(Data excerpt begins)
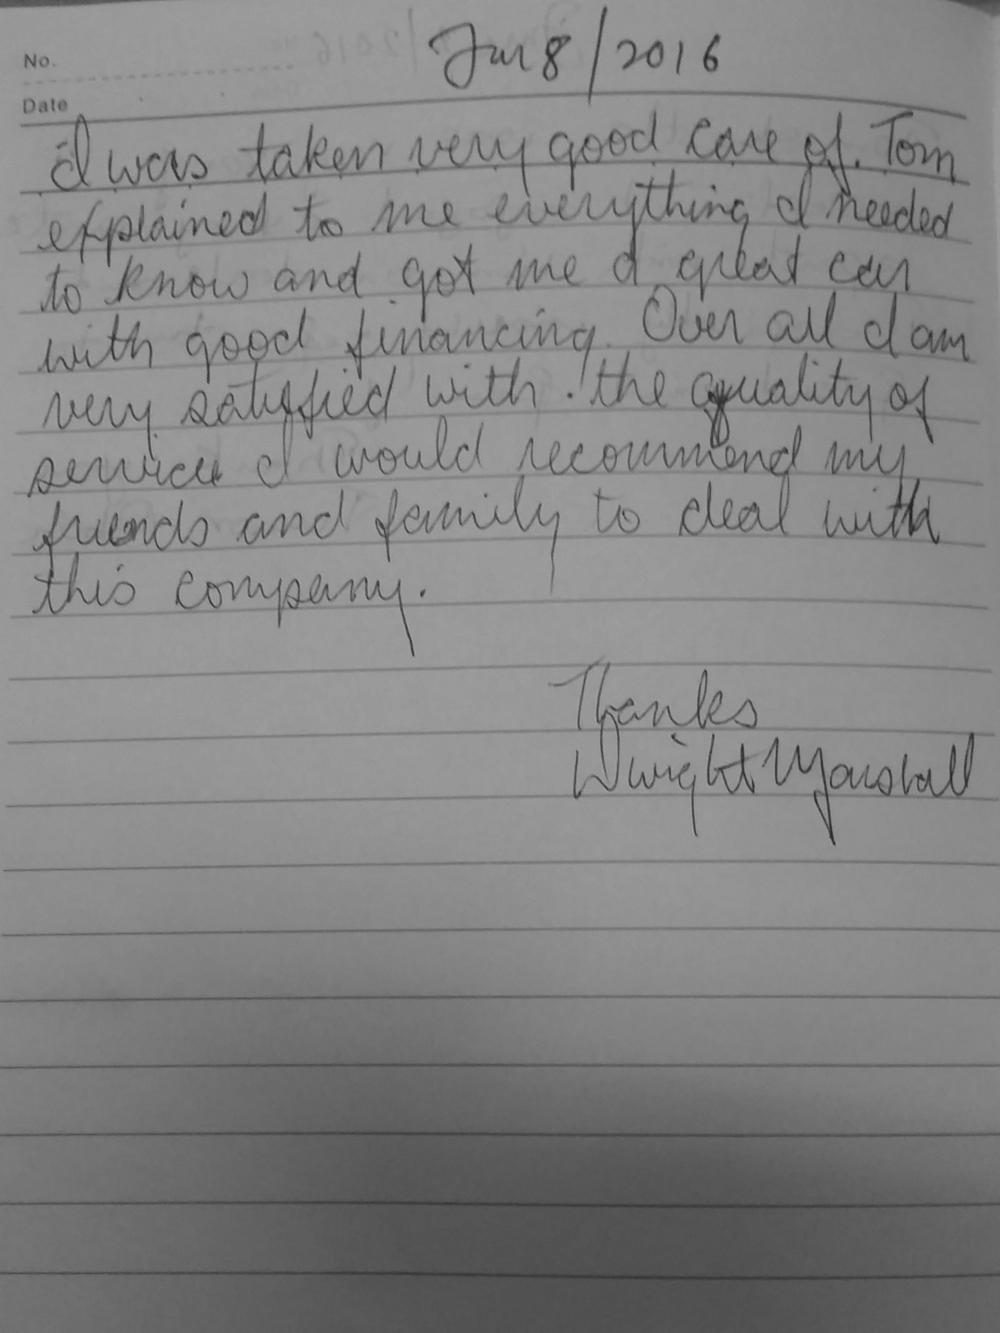 Dwight Marshall_testimonial.jpg
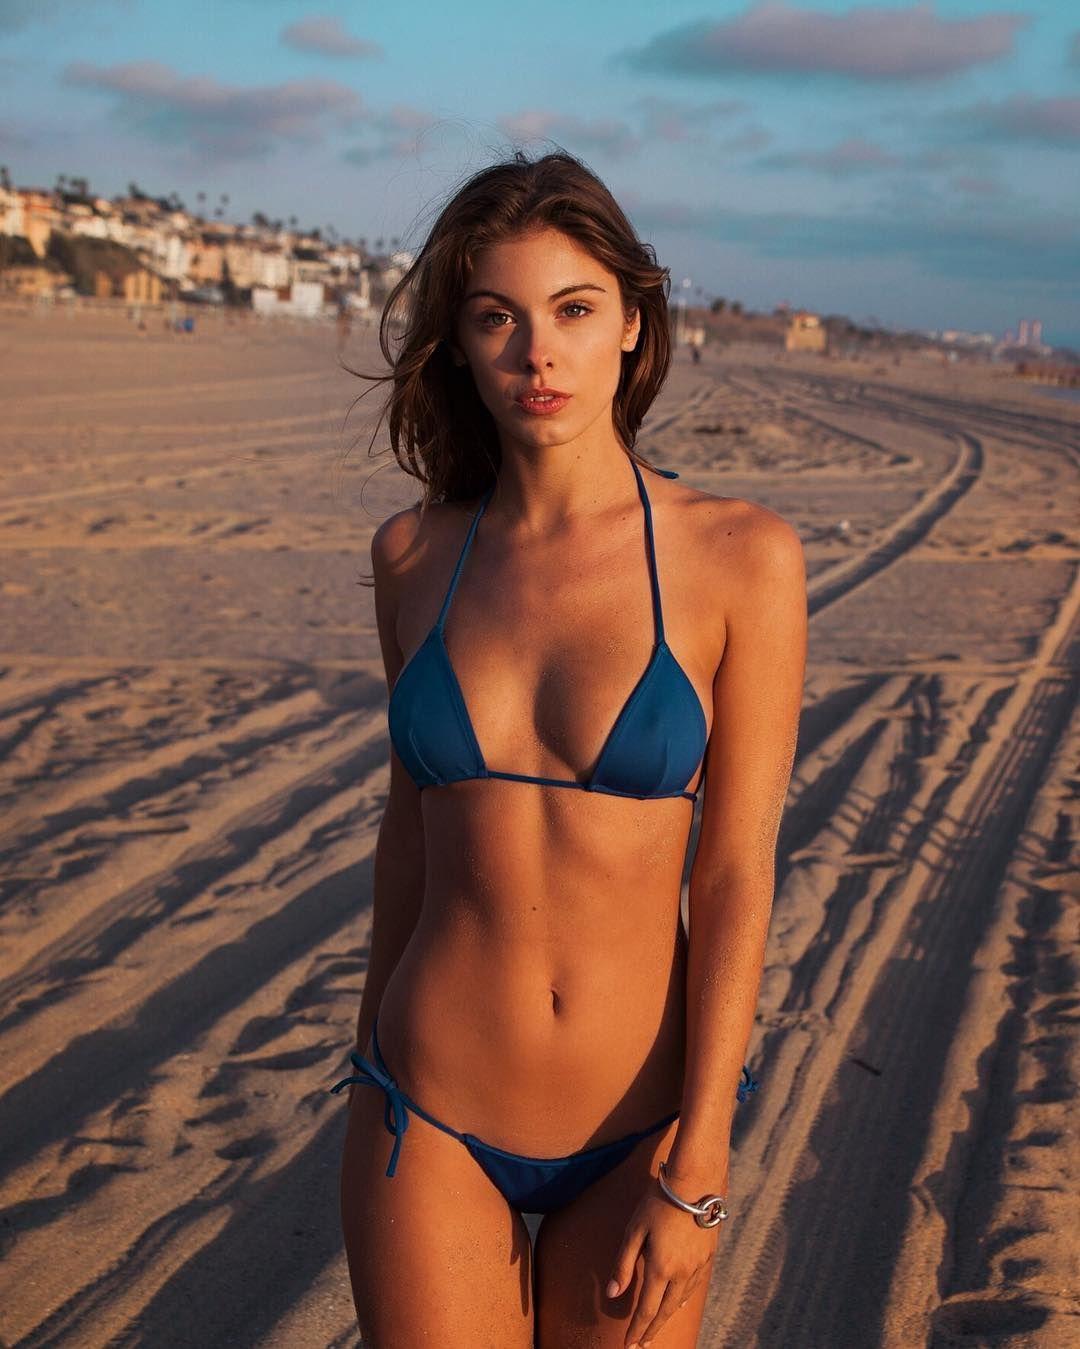 Charming bikini girls daily pics sunny beaches u stylish swimwear
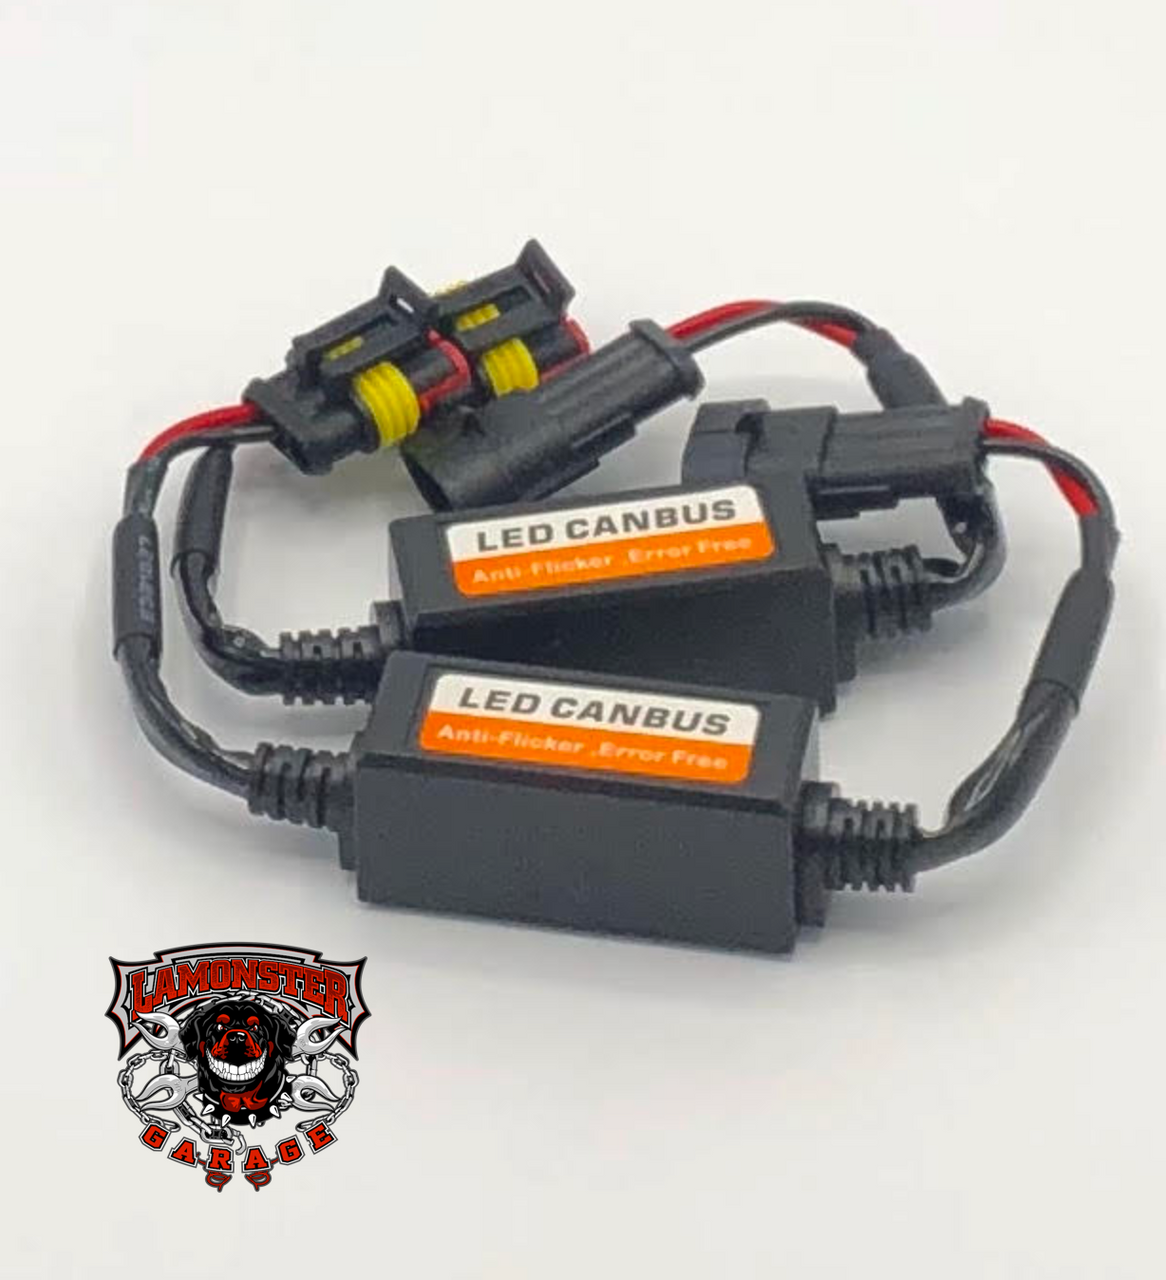 Lamonster Anti-RF Filters for the F3 Fog Lights (LG-3000)(LG-3001)(LG-3011) (LG-3016)
(Data excerpt ends)
• Problem statement:
In the data above, the line containing "Charming bikini girls" and all lines after it are to be reproduced exactly, leaving out the pictures.

• Response area:
 Charming bikini girls daily pics sunny beaches u stylish swimwear
 Lamonster Anti-RF Filters for the F3 Fog Lights (LG-3000)(LG-3001)(LG-3011) (LG-3016)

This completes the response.